College Apps: Everything You Need to Know

Gitashri Gopalakrishnan, Assistant Editor

How Do I Even Start?

Not every student is already familiar with the college application process. I’m sure you’ve heard things like CommonApp, FAFSA, Early Action, and a litany of other random acronyms and websites. Ultimately, this article will lay out everything you need to know about applying for college and hopefully help you make better applications. 

The first thing you need to do is create your list of colleges: who is your best, most amazing top choice?
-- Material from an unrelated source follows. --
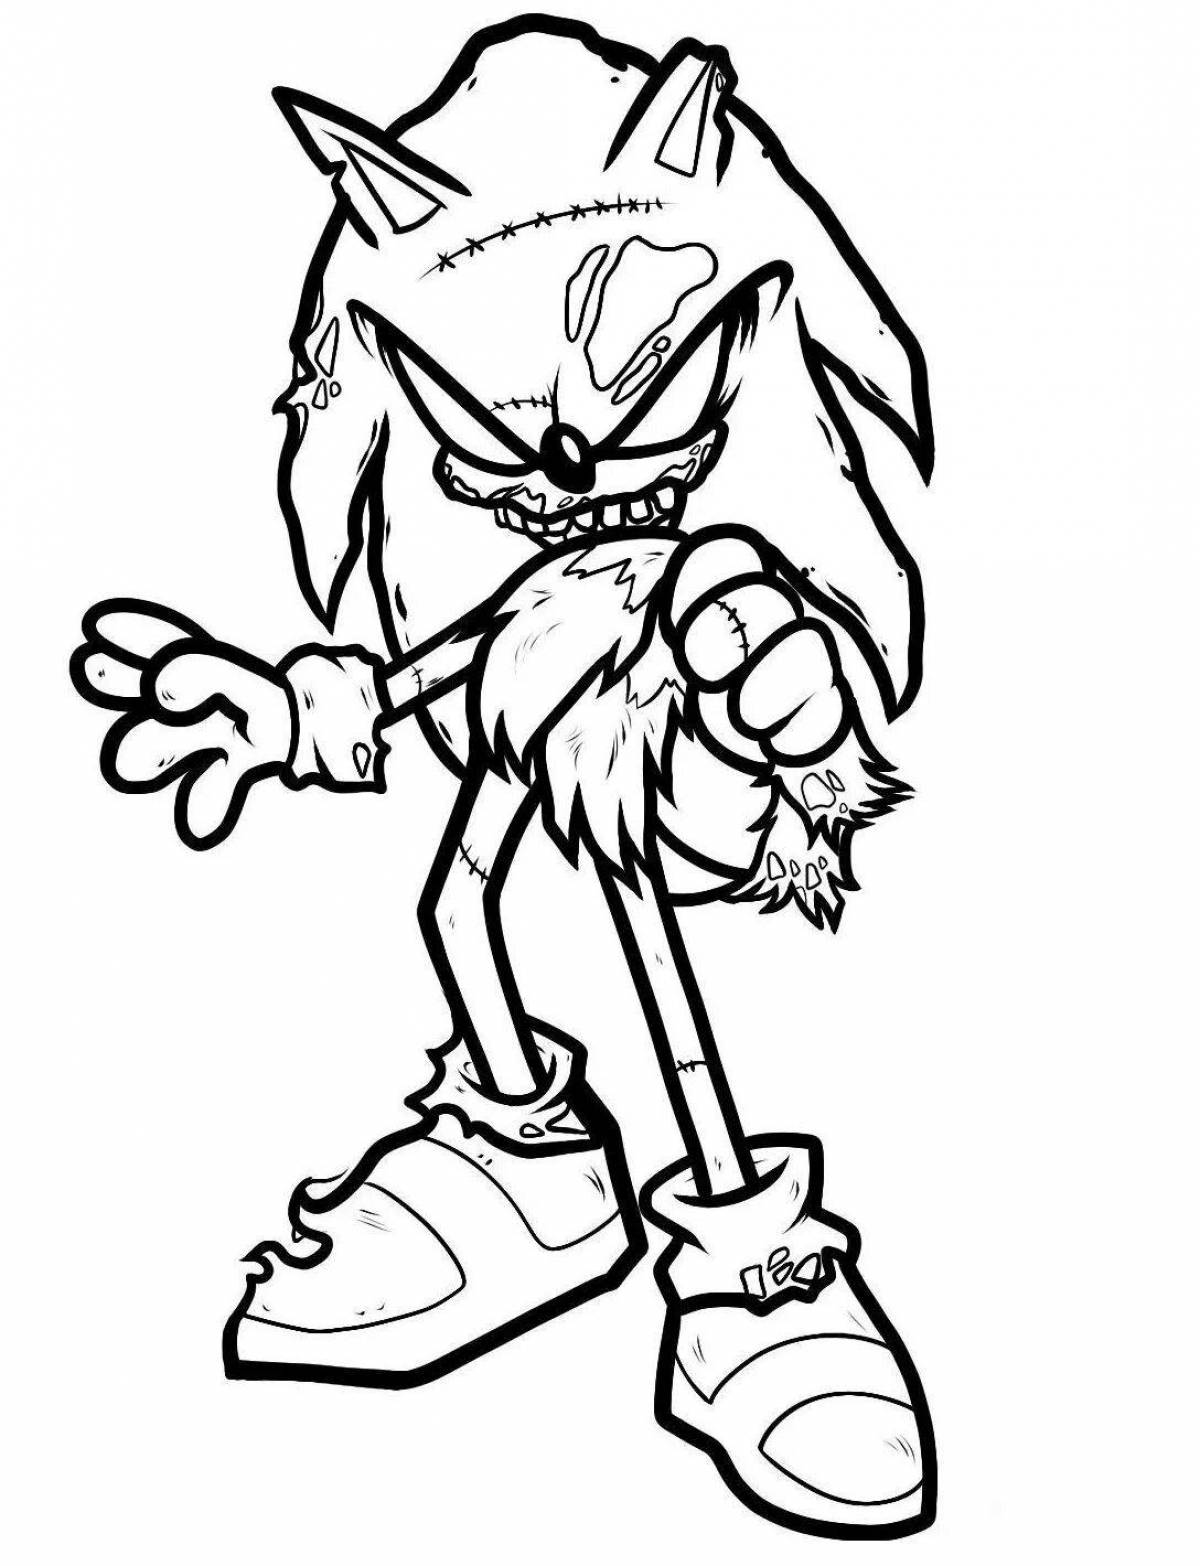 Brave xs sonic coloring page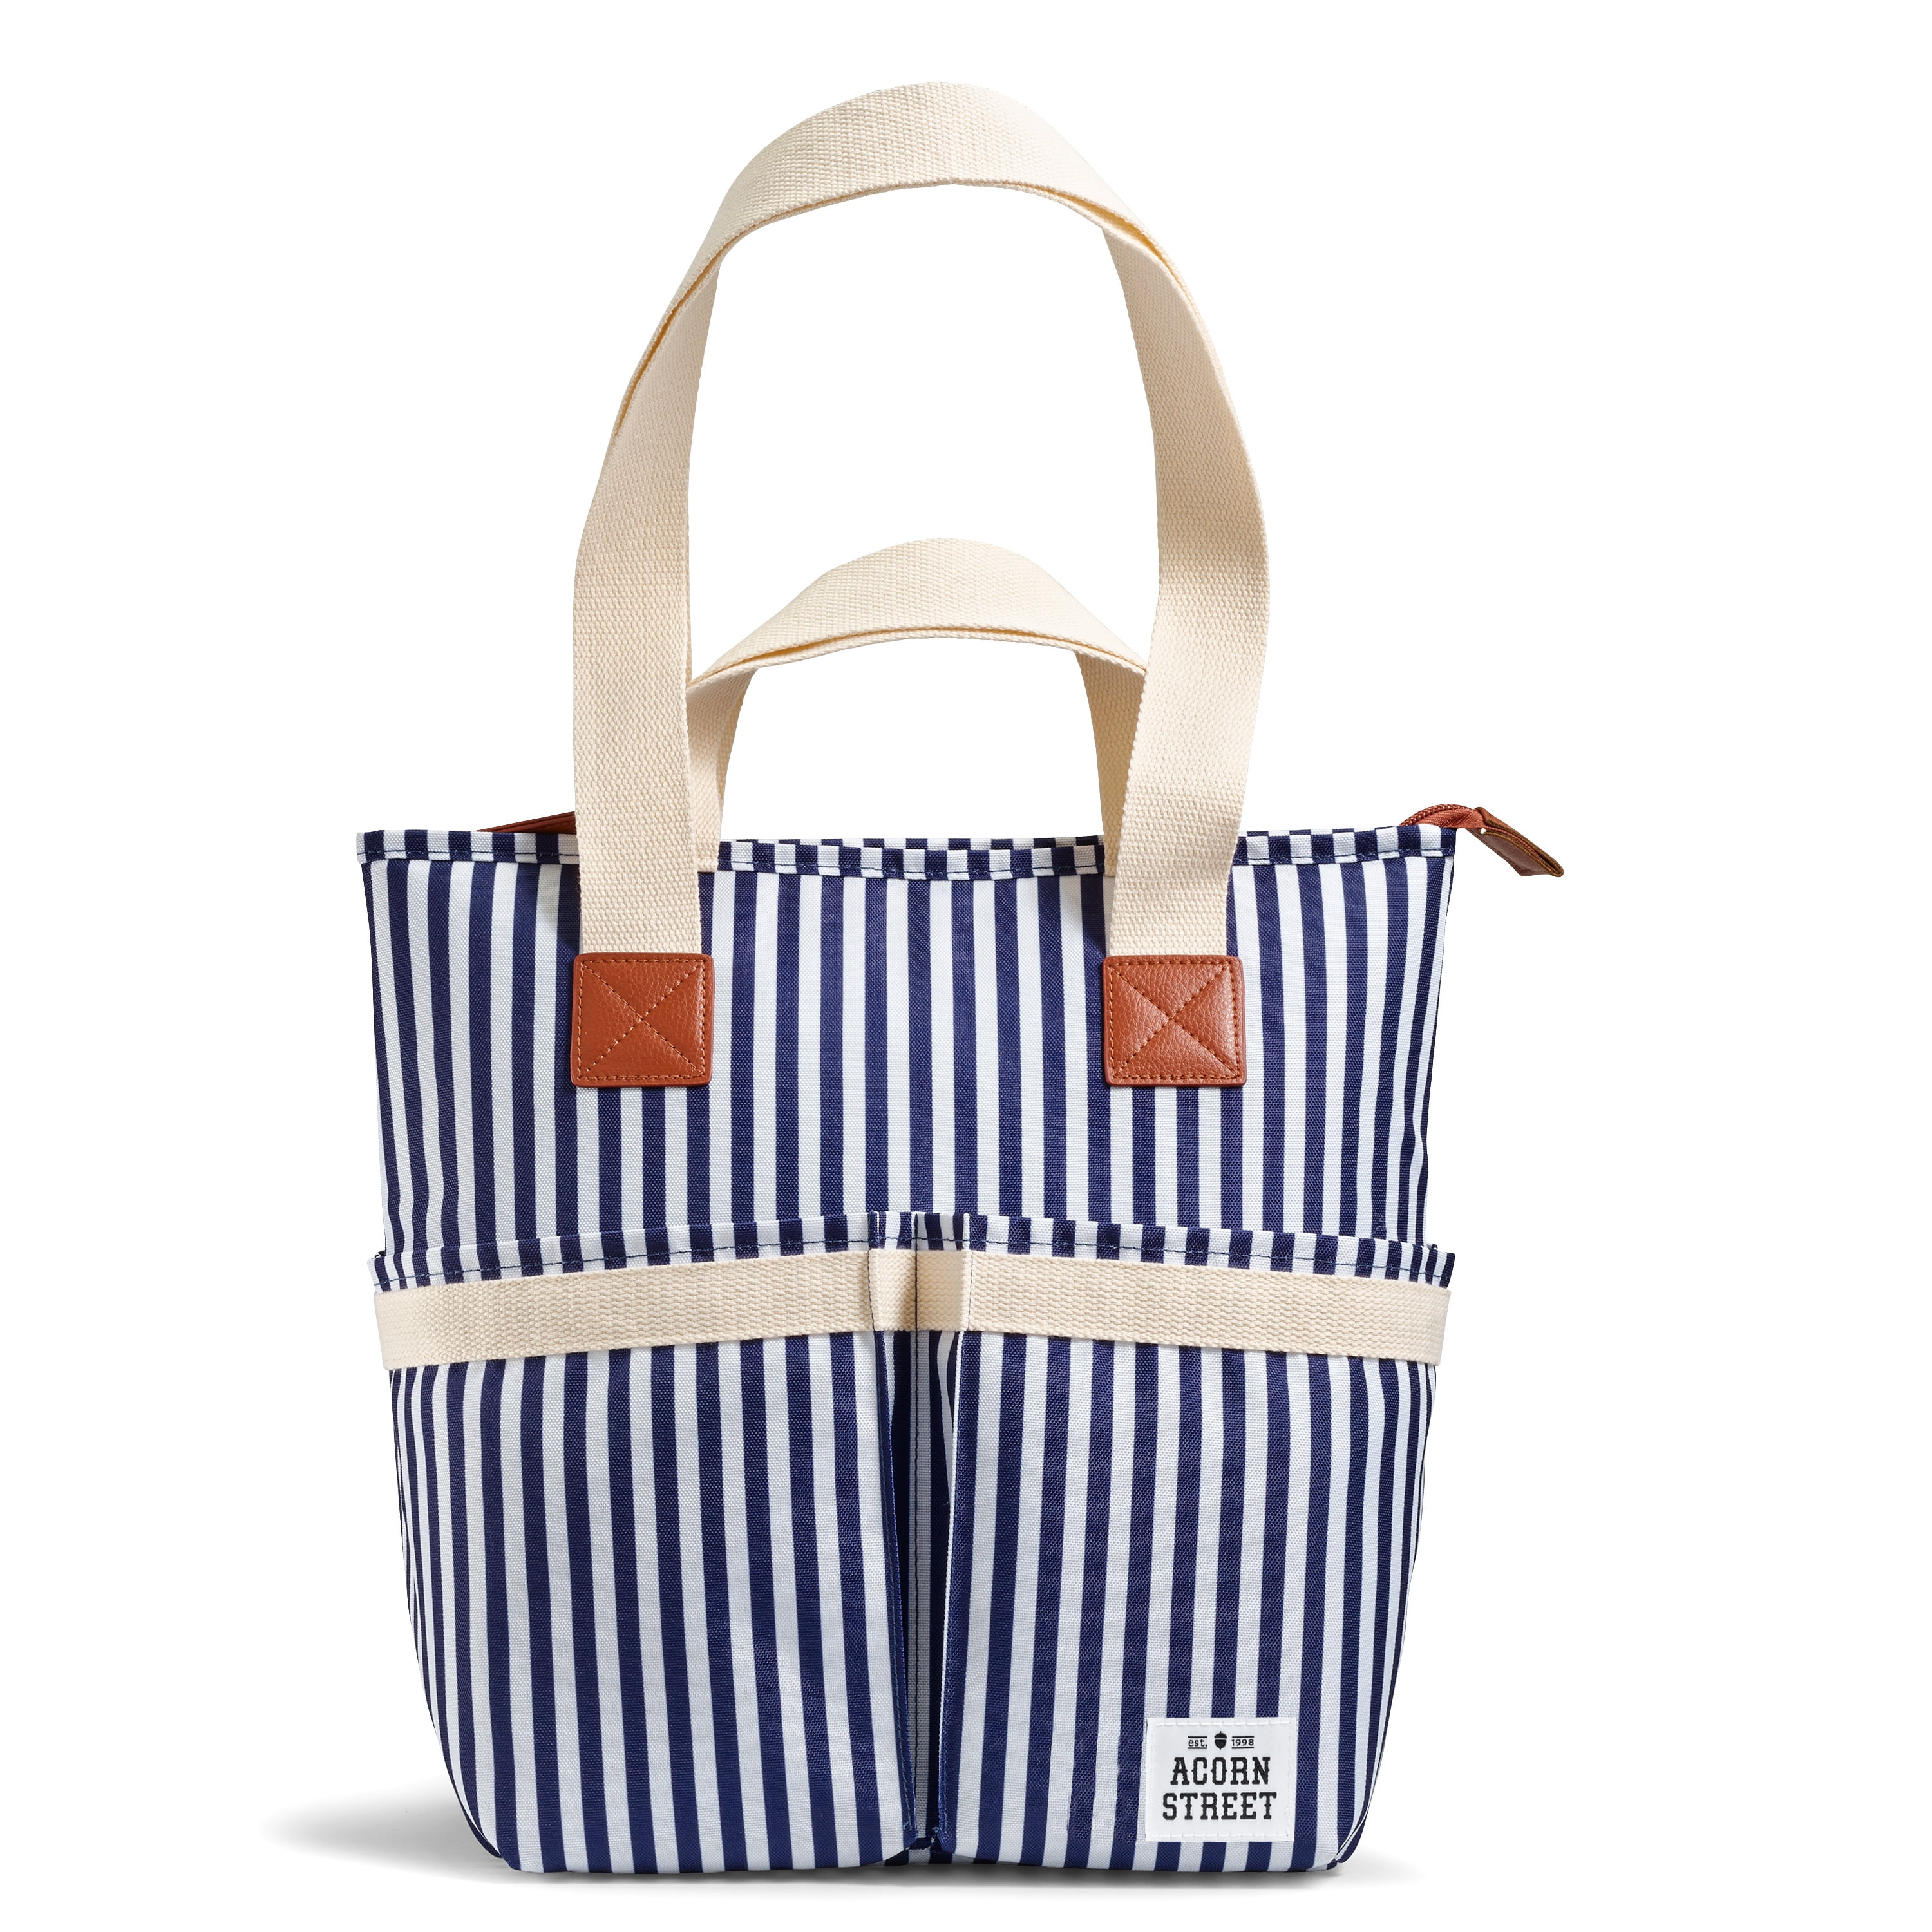 Acorn Street Insulated Cooler Tote Bag with Removable Divider, Navy Vineyard Stripe - Walmart.com

And who are you okay with going to if you don’t get into any exclusive schools? Knowing which schools you’re applying to helps tremendously, as it lets you know what materials and supplements you need ahead of time, so don’t skip this step! For example, this was my list:

  • Washington University St. Louis

—Why Major, Personal Statement, 90-Second Video

  • University of Chicago

—Creative Writing Essay, Personal Statement, Why Us

  • University of Oklahoma

—Personal Statement, Why Major

Immediately afterward, create your CommonApp account. CommonApp is a website that combines hundreds of college applications into one standardized submission with two to three extra tasks for certain colleges you may send it to. 

After you create the account, you need to fill out the titular CommonApp, which can take anywhere from one to twenty hours and will require you to see your transcript. Once you finish this, you’re already one step closer to Harvard. . . or UCO!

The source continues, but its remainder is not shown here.